Dana Brady scite author profile

Neurodevelopmental changes induced by environmental stress exposure play a significant but poorly defined role in the etiology of schizophrenia. Exposure of pregnant female rats to a series of unpredictable stresses during the final week of pregnancy generates behavioral deficits and molecular changes in the offspring similar to those observed in schizophrenic individuals. We used this rat prenatal stress preparation to investigate social withdrawal behaviors that may have relevance to the negative symptoms of schizophrenia. The cumulative time adult male offspring of stress-exposed pregnant female rats actively interacted with a weight-matched, same-sex peer was decreased approximately 76% relative to non-stress exposed control rats. Prenatal stress exposure also diminished the quality of the social interaction behavior indicative of reduced social drive.

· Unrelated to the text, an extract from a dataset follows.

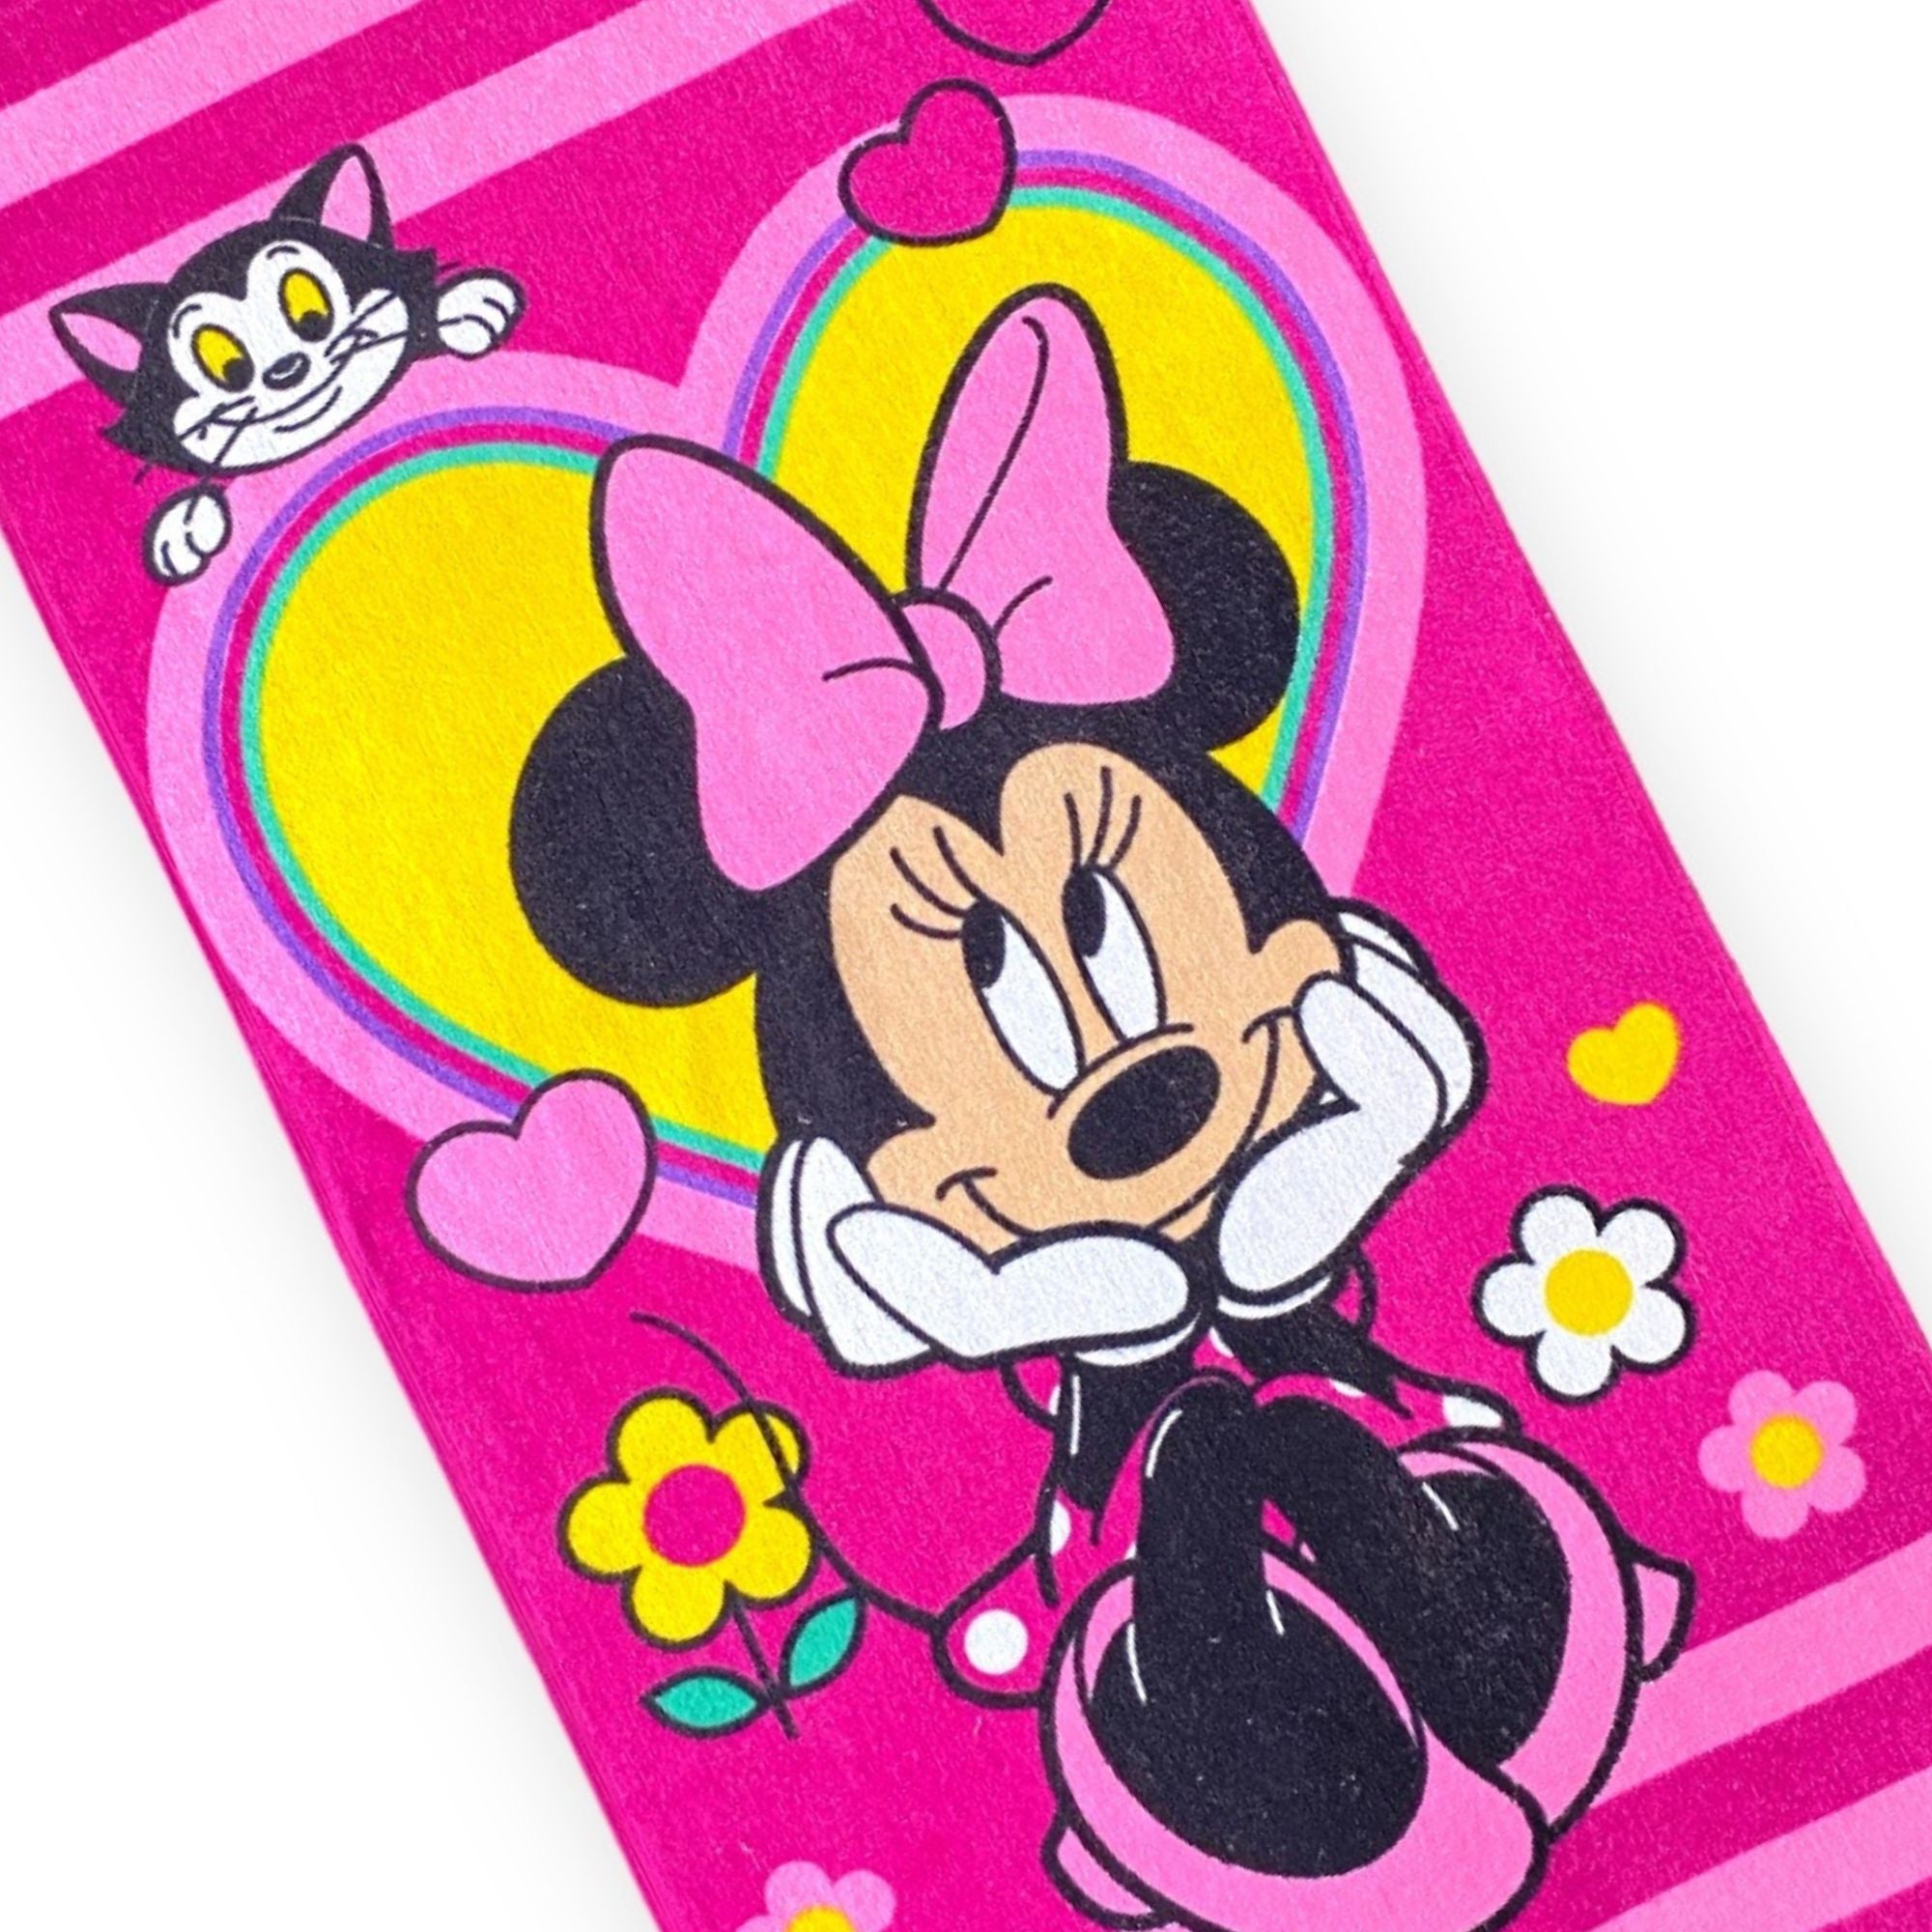 Toalla oficial de Minnie Mouse.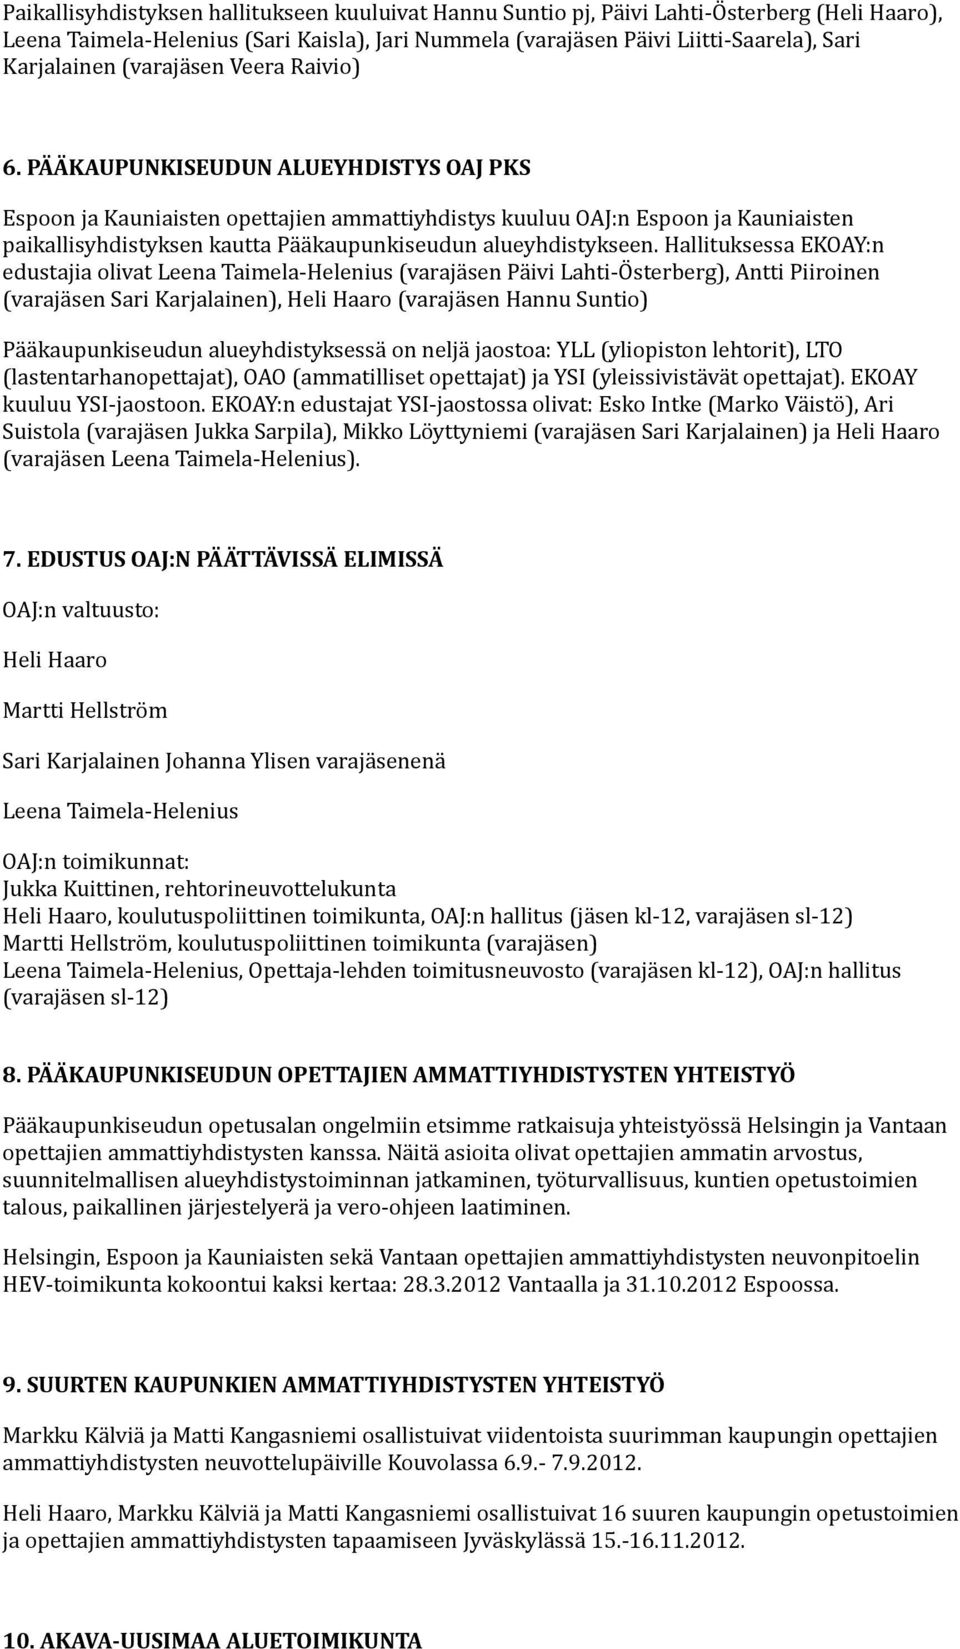 PÄÄKAUPUNKISEUDUN ALUEYHDISTYS OAJ PKS Espoon ja Kauniaisten opettajien ammattiyhdistys kuuluu OAJ:n Espoon ja Kauniaisten paikallisyhdistyksen kautta Pääkaupunkiseudun alueyhdistykseen.

Analysis of the oxytocinergic system in the prenatally stressed male rats revealed significantly less oxytocin mRNA in the paraventricular nucleus and increased oxytocin receptor binding in the central amygdala. Moreover, oxytocin, but not vasopressin, administration into the central amygdala reversed the social incompetence of the prenatally stressed rats without increasing behavior in nonstressed control animals. In addition, cross-fostering pups from prenatally stressed mothers to nonstressed mothers failed to improve the social deficit of the prenatally stressed male offspring. Two behavioral assays designed to measure anxiety did not differentiate the prenatally stressed rats from non-stressed controls. These data indicate that prenatal stress may be an etiologically appropriate animal model for some aspects of schizophrenic social withdrawal. Furthermore, unpredictable prenatal stress exposure selectively degrades social interaction behaviors without increasing anxiety measures.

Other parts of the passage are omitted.